I want to prevent data harvesting in my site (except googlebot of course). I am guessing relying on the UserAgent of GB is not strong enough (every bot can fake it)
How can I still authenticate GoogleBot to avoid fakes.
The official way is by using a combination of forward and reverse DNS lookups; they can't fake that!

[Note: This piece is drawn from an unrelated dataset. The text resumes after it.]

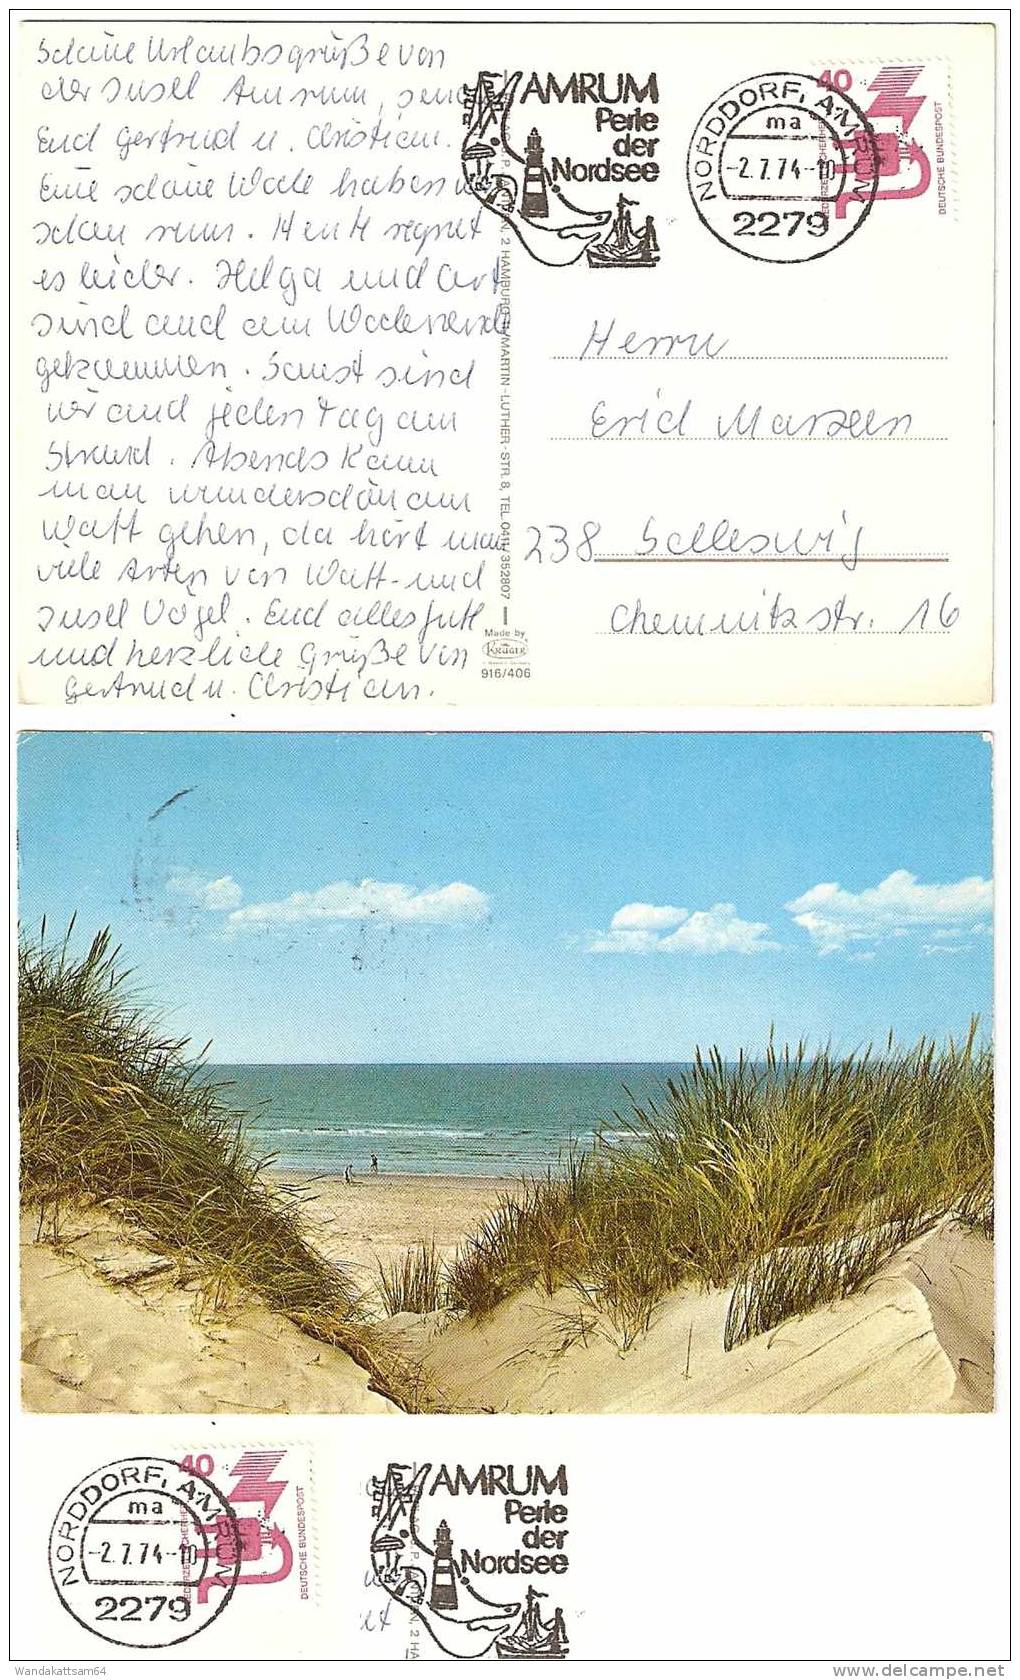 AK 916406 Dünenblick Auf Sandstrand Die Weite Des Meeres Wolken -2.7.74-10 2279 NORDDORF, AMRUM Ma Nach 238 Schleswig - Nordfriesland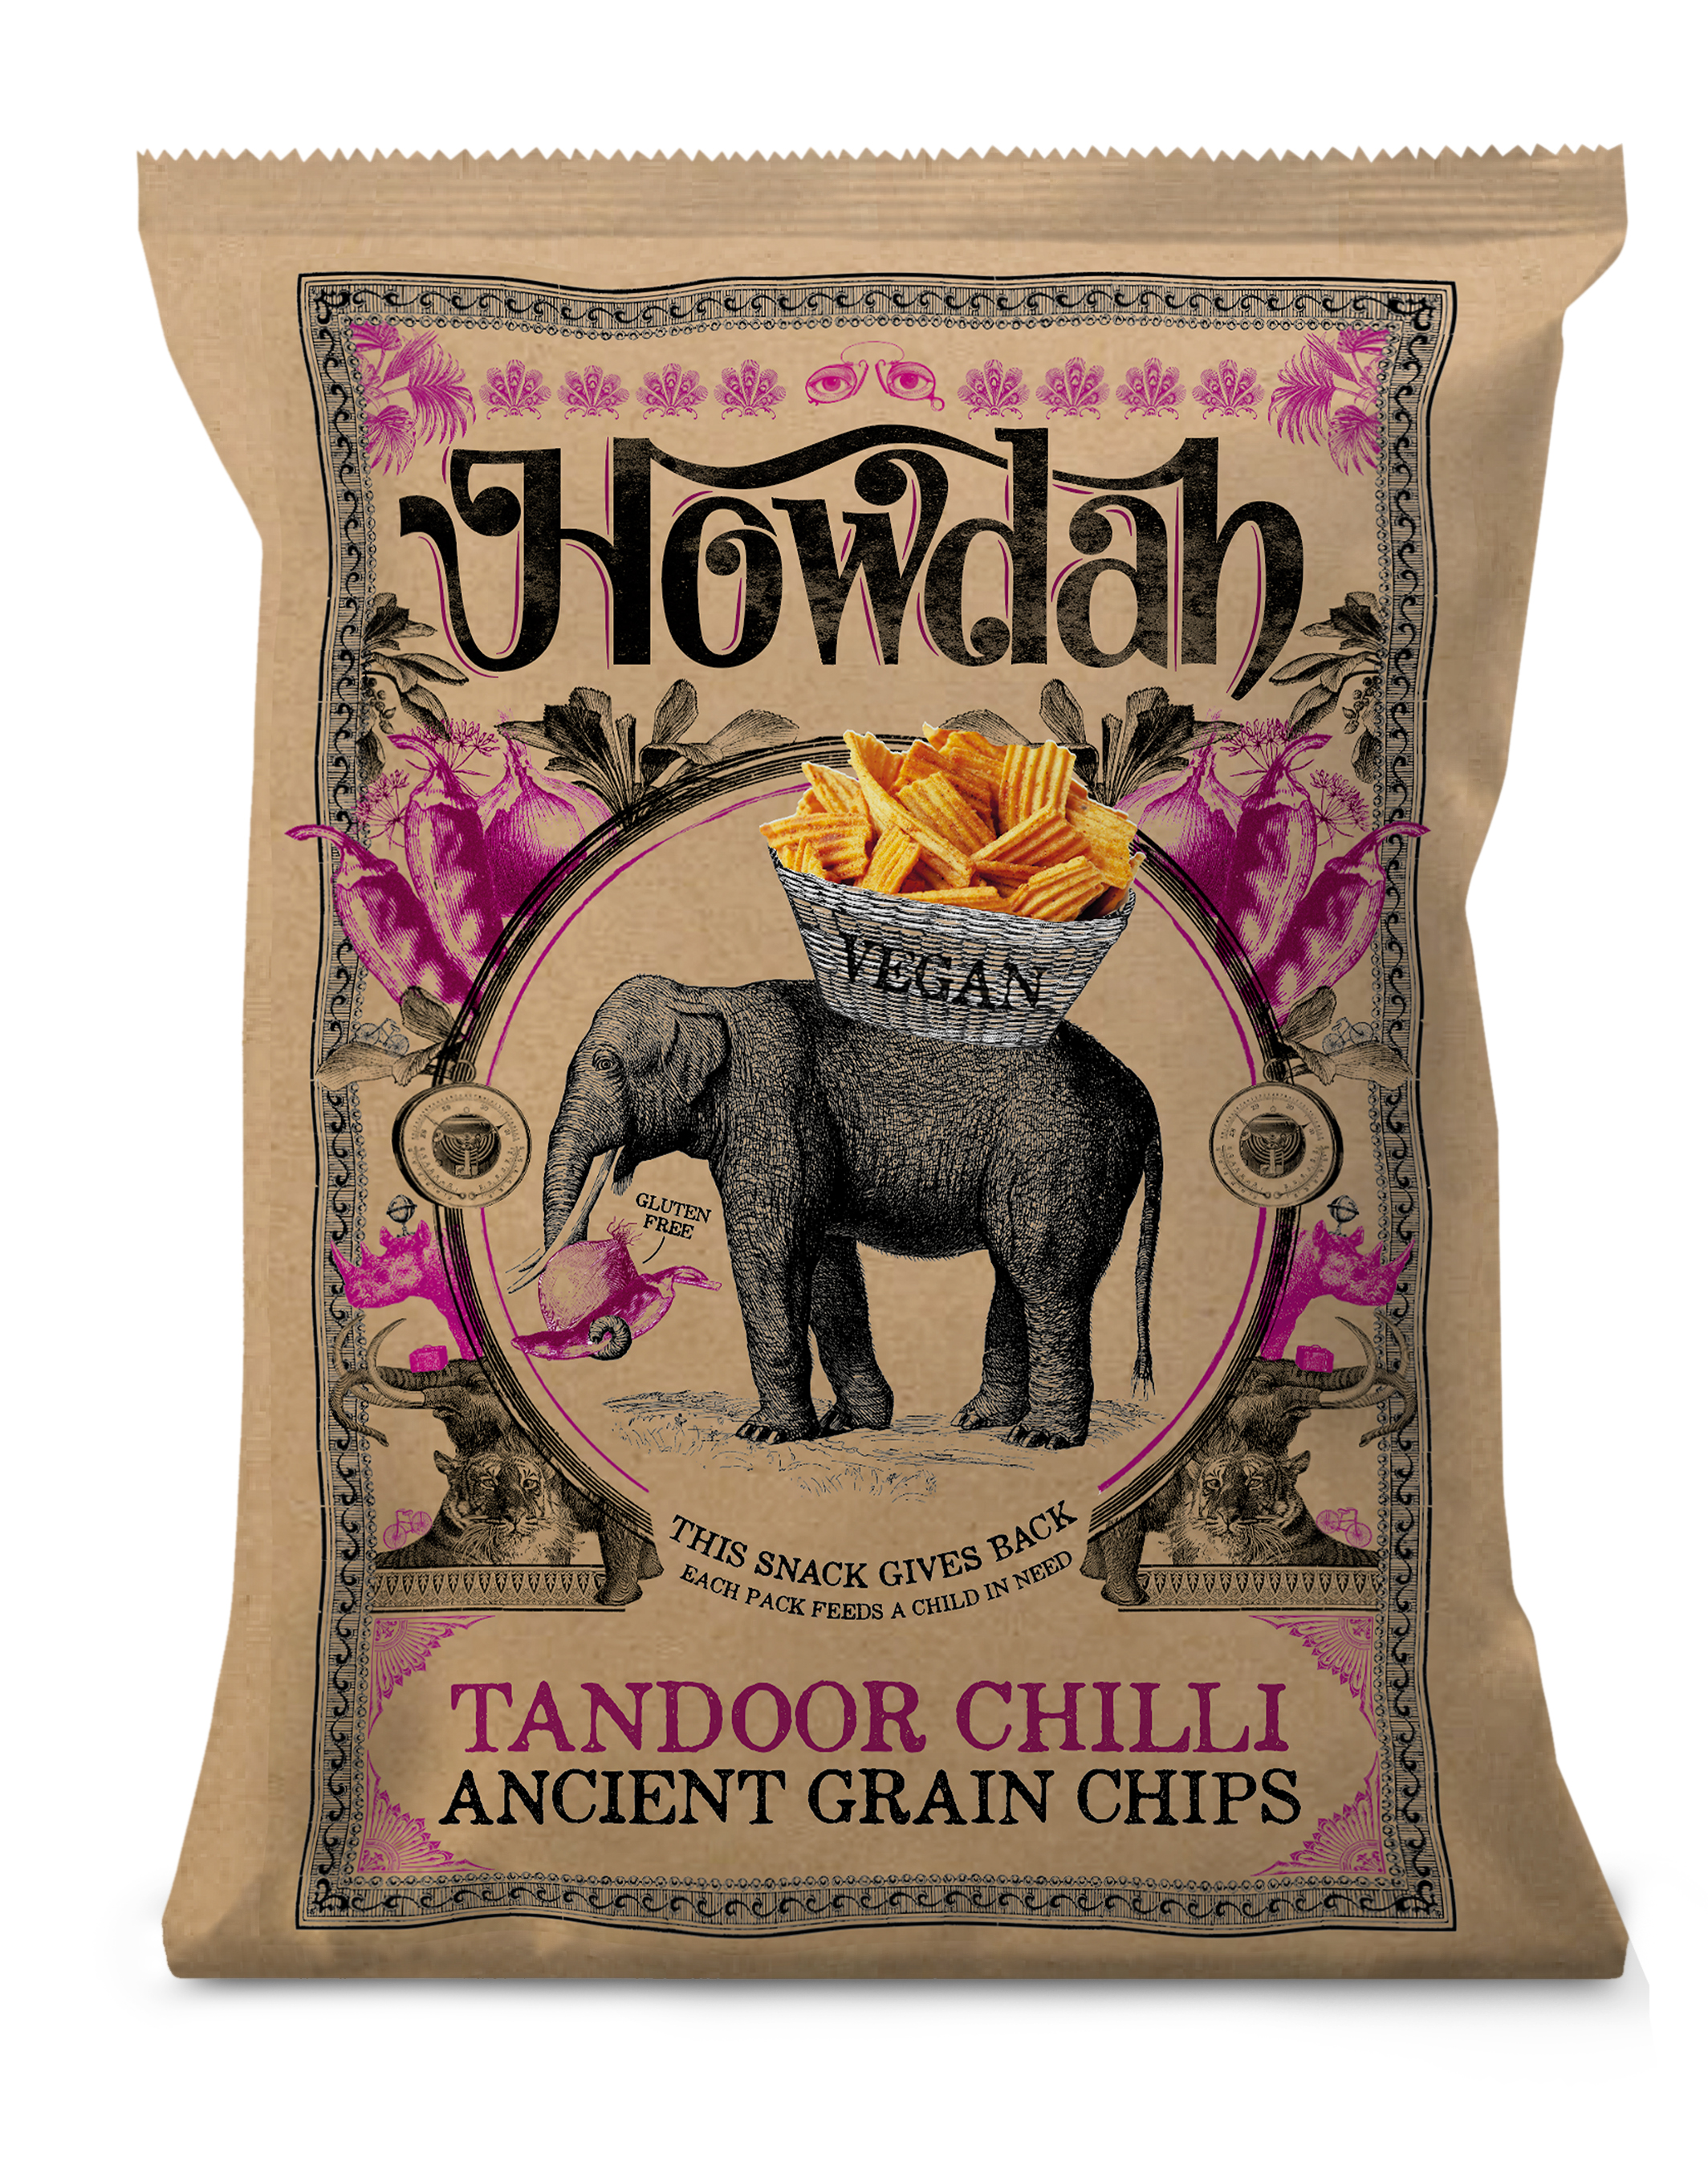 Howdah Tandoor Chilli Ancient Grain Chips 130 g.

More information is here from Google's Webmaster blog: How to verify Googlebot
Telling webmasters to use DNS to verify on a case-by-case basis seems like the best way to go. I think the recommended technique would be to do a reverse DNS lookup, verify that the name is in the googlebot.com domain, and then do a corresponding forward DNS->IP lookup using that googlebot.com name; eg:
> host 66.249.66.1 1.66.249.66.in-addr.arpa domain name pointer crawl-66-249-66-1.googlebot.com. > host crawl-66-249-66-1.googlebot.com crawl-66-249-66-1.googlebot.com has address 66.249.66.1
I don't think just doing a reverse DNS lookup is sufficient, because a spoofer could set up reverse DNS to point to
crawl-a-b-c-d.googlebot.com
.
However, I recommend caching the results of this per-IP lookup and only performing it periodically so as not to introduce too much overhead through your validation process.